My favorite Fall treat is fresh cider donuts from the cider mill, and it’s even close.

Luckily for me, I live in Michigan, and we have plenty of apple orchards and cider mills around here. So, come Fall, there is no shortage of apple cider donuts.

If you’ve never had a cider donut, first of all, what are you waiting for?! Second of all, you’re missing out big time.

Apple cider donuts are incredibly moist donuts, freshly fried and coated with cinnamon & sugar. When they’re fresh, there is truly nothing better.

Protein Cider Donuts

There’s no substitute for the real thing. I’m not going to lie to you and say these are as good as fresh apple cider donuts, because the real-deal is just too good.

But I can proudly say that these are damn good.

Exact calories for cider donuts are going to vary wildly based on where you buy them from, but most will be just north of 200 calories per donut.

Our homemade cider donuts contain half the calories of regular cider donuts and double the protein.

If that’s not enough to convince you to make these protein cider donuts, I don’t know what is!


The secret ingredient for Protein Apple Cider Donuts

Authentic apple cider donuts use, you guessed it, apple cider!

Fresh apple cider is already very sweet as it is just concentrated apples. But for cider donuts, that is taken one step further, and the cider is reduced down into a syrup for an intense apple flavor, and it’s how you get that deep brown color of the donuts.

We’re doing things a little bit differently here…

We’re not using any apple cider.

Apple cider donuts without apple cider? What is this blasphemy?!

To reduce the calories and sugar here, I opted to leave the apple cider out, but we have an all-star replacement that’s going to end up tasting just as good.

Instead of cider, we’re using a different secret ingredient: apple butter.

Blake's Apple Butter

If you’re unfamiliar with apple butter, it’s quite similar to applesauce. In fact, I’d consider them siblings.

Apple butter is to applesauce as apple cider is to apple juice.

The difference is that apple butter is a more concentrated version of applesauce. Essentially, it’s just cooked down longer, leading to less liquid and more of a caramelized color and deeper flavor.

I used an apple butter from our local orchard, but most stores should sell it! Look for it with the jelly/jam in your store.

And don’t worry about having to buy a jar of apple butter just for this recipe- make a peanut butter + apple butter sandwich, fall in love with it, and thank me later. It’s significantly better than peanut butter & jelly sandwiches, believe it or not.


Can you substitute apple butter?

You certainly can.

If you follow the recipe exactly as written, you can directly swap out the apple butter for more unsweetened applesauce.

I tried this with success, so you shouldn’t have any problem there.

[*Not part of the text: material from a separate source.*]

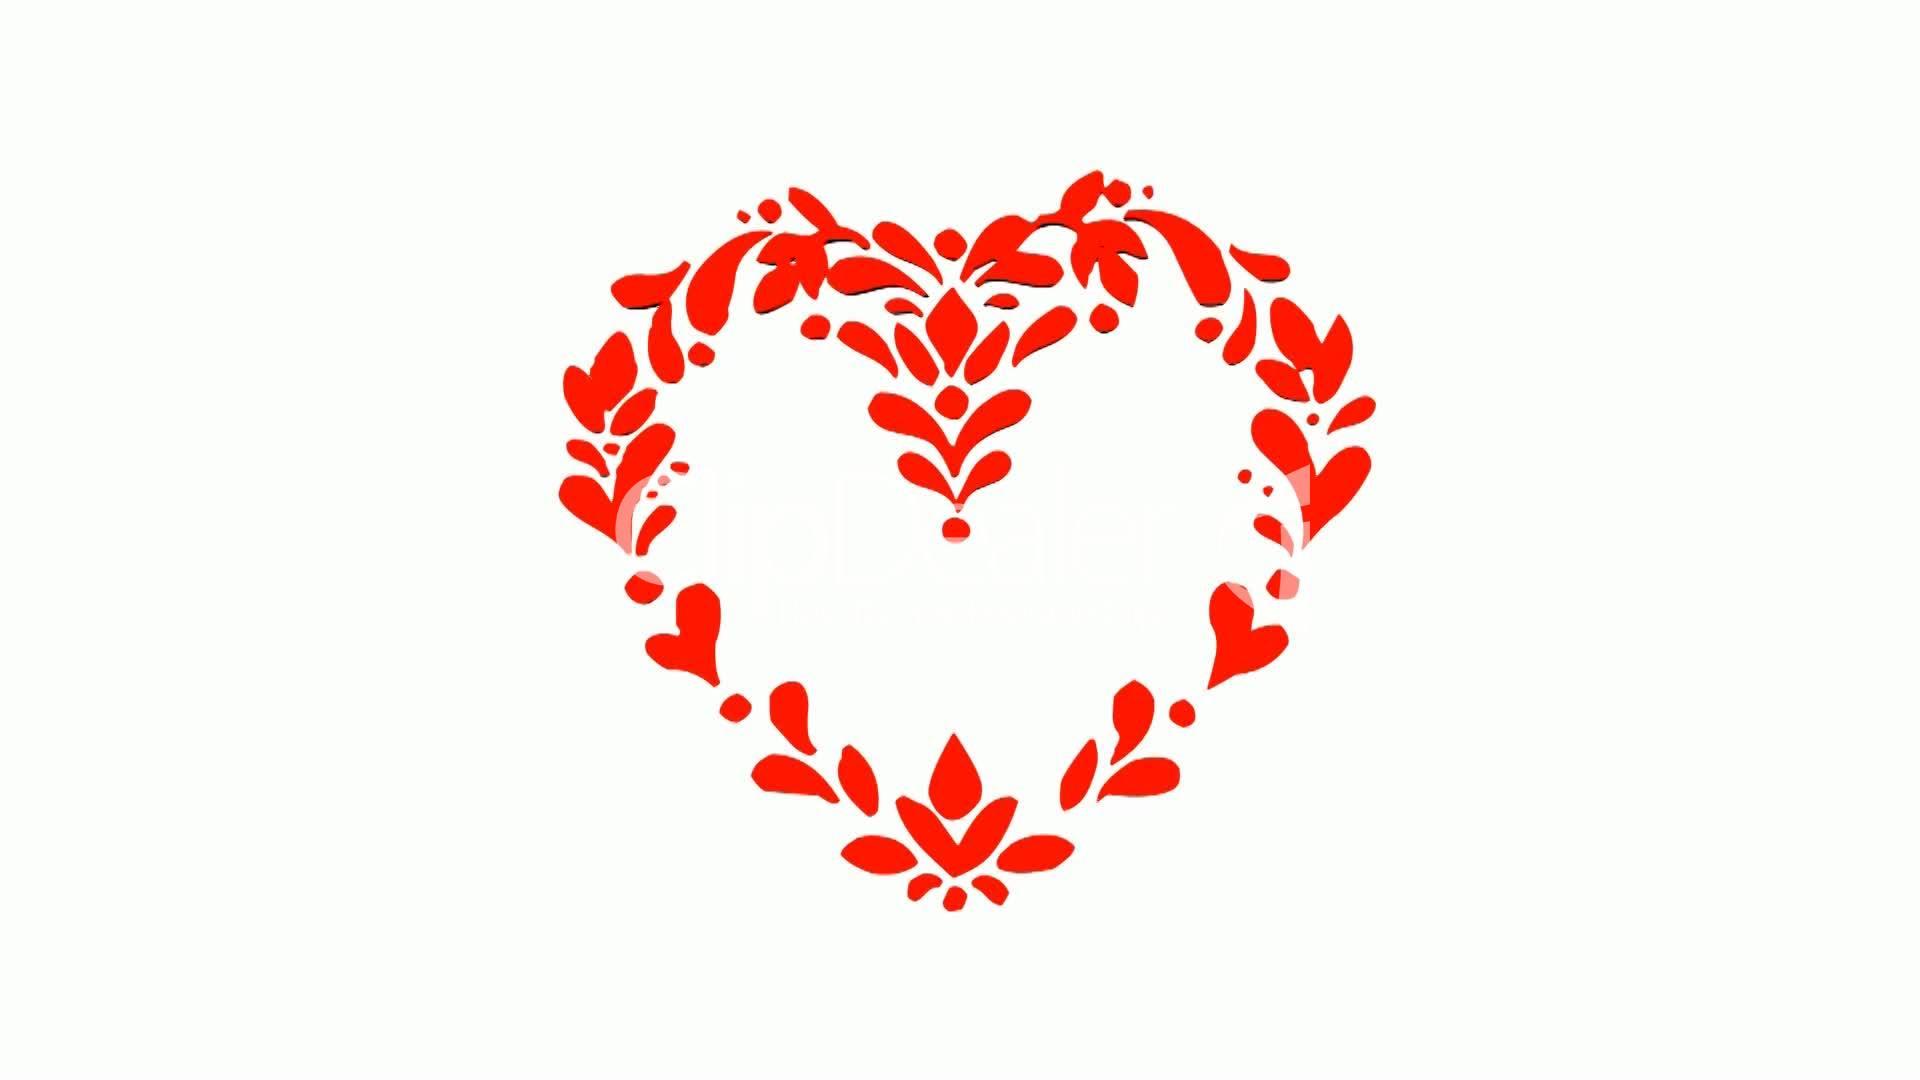 Rotation Of Flower Heart Love Red Symbol Heart Valentine

That being said, I HIGHLY recommend using apple butter if you can. My version with just applesauce was good, but really lacking that punch of apple flavor.

Since we’re not using any cider, the apple butter acts as the perfect flavor replacement for it, and I highly recommend utilizing it if you want these donuts to come out tasting like authentic cider donuts.


How to make Protein Apple Cider Donuts

I’ve made this recipe numerous times, and the original recipe called for making 6 large donuts. However, I’ve found that I much prefer making smaller donuts instead.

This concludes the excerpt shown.